Больше она не могла продолжать. Исчерпала всю энергию. Выложилась полностью в этом разговоре. Как же это было несправедливо – вырастить дочь, обеспечив ее всем необходимым для успешной карьеры, и умереть, не увидев плодов своих стараний.
Я поднялась, желая обнять ее. Не знаю почему, но в тот момент я ее любила. Ее тело казалось таким хрупким, что я не знала, как к ней подступиться. Я неуклюже поцеловала ее; она растрогалась, смутилась, погладила меня по щеке.
– Можешь прийти еще раз, – сказала она на прощание. – Может, я успею рассказать тебе немного о той Джин, о девушке с фотографий, которые я сожгла. Дочь все время говорит мне, что ты хорошо пишешь.
Я так изумилась, что смогла лишь жалко улыбнуться.
– Священнику я исповедоваться не собираюсь.
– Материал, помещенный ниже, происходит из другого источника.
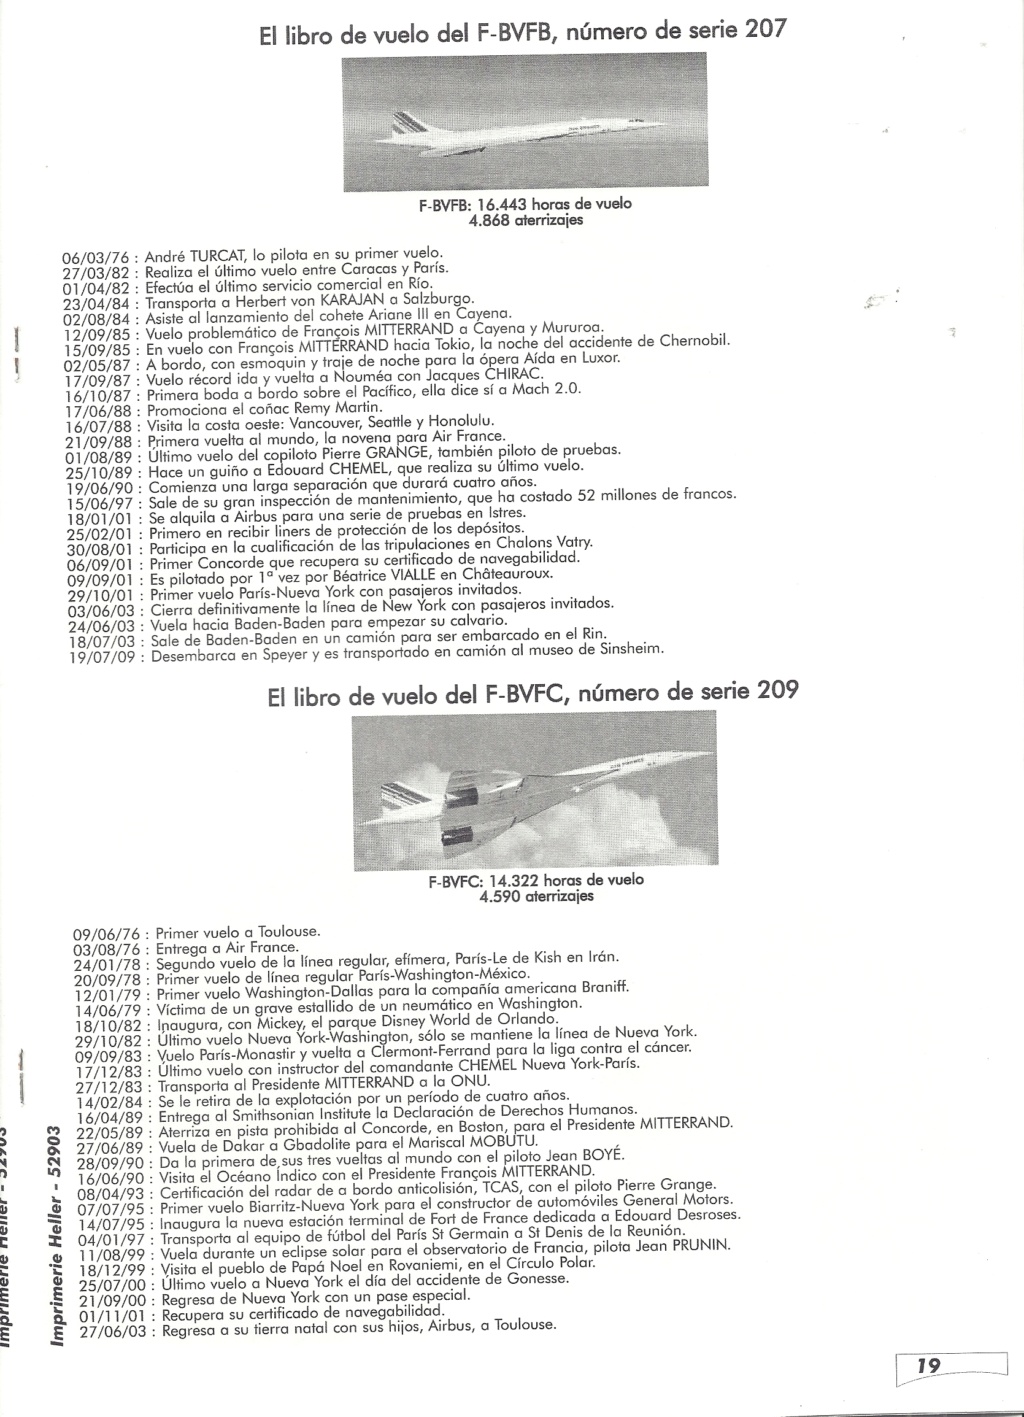 SUD AVIATION - BRITISH AIRCRAFT CORPORATION  CONCORDE 1/72ème Réf 52903 Notice Hell2269

Не нужно мне никакого прощения с небес, – засмеялась она. – Но я хочу, чтобы Беатриче узнала обо мне кое-что такое, чего я ей никогда не говорила. Так что приноси в следующий раз тетрадь.
16
Моранте и Моравиа
Домой я вернулась в расстроенных чувствах. Отца не было. Я зажгла на кухне свет и уселась в одиночестве за стол с органайзером Джин в руках.
Погладила обложку красной кожи, закладку, торчавшую из середины. Первым побуждением было открыть ее, вторым – выбросить. Будущее Беатриче шкворчало под моими пальцами; я была испугана – и ощущала свою власть.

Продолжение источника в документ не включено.